ROCKVILLE, Md. — Stopping the spread of the Zika virus may require the help of a vaccine, and a Rockville company hopes to play a big role in testing any new medicine developed to battle the illness.
Accelovance is a clinical research organization that organizes the testing of new vaccines to make they are safe to administer to humans.
“We’ve done this for other viruses in the past, and have been quite successful in helping companies get into the clinic faster,” said Steve Trevisan, president and CEO of Accelovance.
Trevisan says once a vaccine is developed, their job is to get information to manufacturers from clinical studies to better help them decide if the vaccine is ready for approval from the Food and Drug Administration.
Outbreaks of Zika in Latin America and several cases in the United States recently put the virus in the spotlight.
While it may have mild or no symptoms in adults, the virus is being linked to a birth defect that’s left some newborn children with developmental issues involving the brain and head.
Dr. Stephan Bart, president and chief medical officer for Optimal Research, says the quickest way to come up with a vaccine is working with proven immunizations already being used.
“It’s important that we begin to look at available vaccines and see if they can be changed in a way to cause immunity to this new virus,” Bart said.

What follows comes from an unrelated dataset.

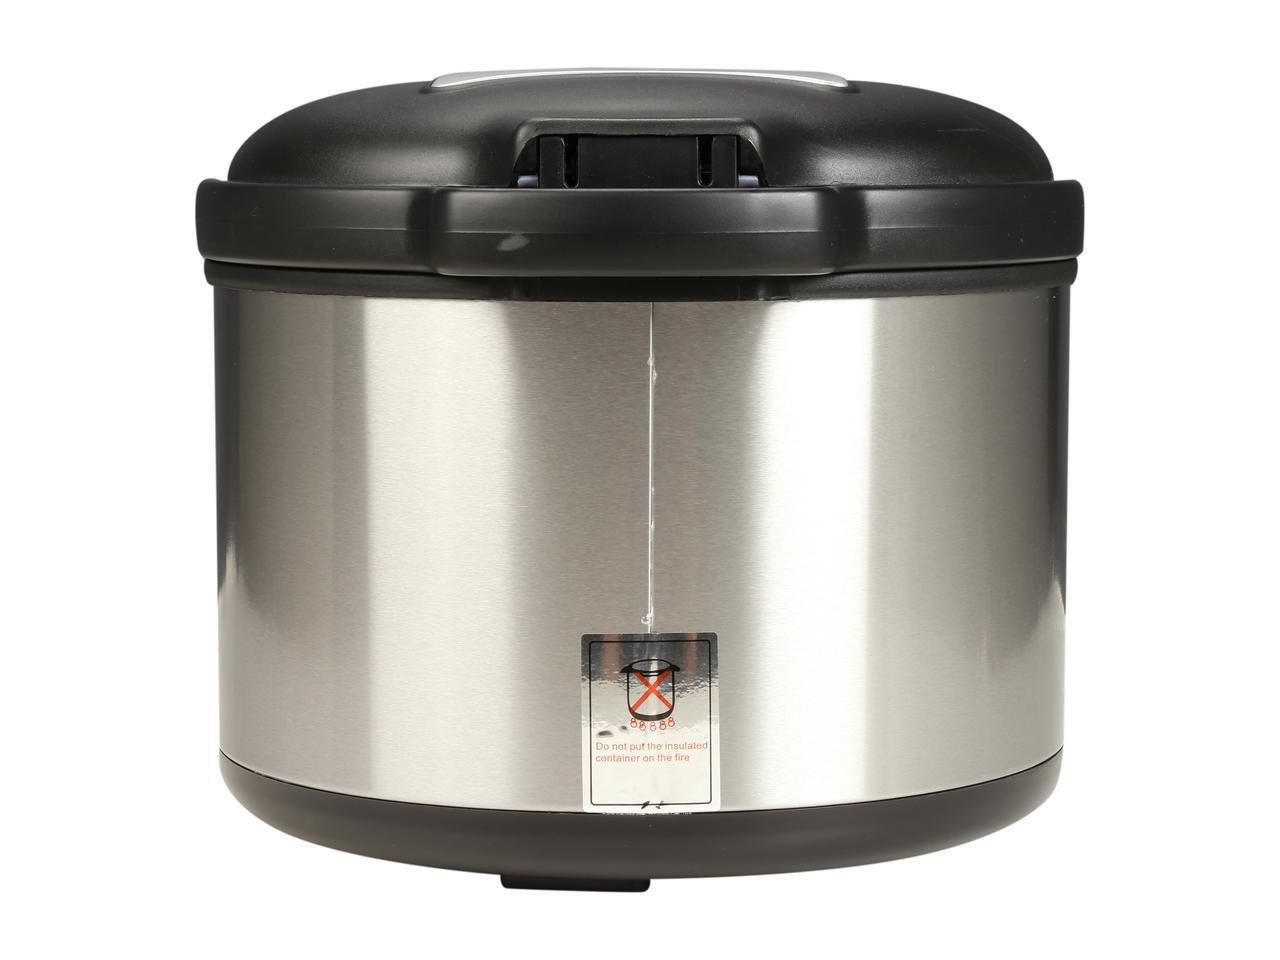 Tayama TXM-50CF Energy-Saving Thermal Cooker, 5 L, Black by TAYAMA (Image #5)

Bart said even though one hasn’t been completed yet, a vaccine is coming. He says his clinical laboratory is setting resources and space aside so they can begin testing it immediately.
Once the vaccine goes to clinical trials, volunteers will be found around the country to test it. Once an individual is given the vaccine, they will be monitored closely for several months, in some case more than a year.
Medical experts will look at the level of immunoglobulins or antibodies in the volunteer’s body to see if the vaccine is working.
“If you see a significant increase, you can infer that body would have the capability of fighting the infection if it was exposed to the virus,” Bart said.
In 60 to 90 days, the laboratory will have its first set of data to look at, so vaccine manufacturers can get a better idea of how well the immunizations work.
“The longer that we go without a potential solution, the more at risk unborn children would be,” Bart said.
The virus is spread by the Aedes Aegypti mosquito, which can be found in some southern U.S. states, such as Florida.
Since there is a live virus risk, labs in states with a Zika risk would most likely take part in a clinical study according to Bart.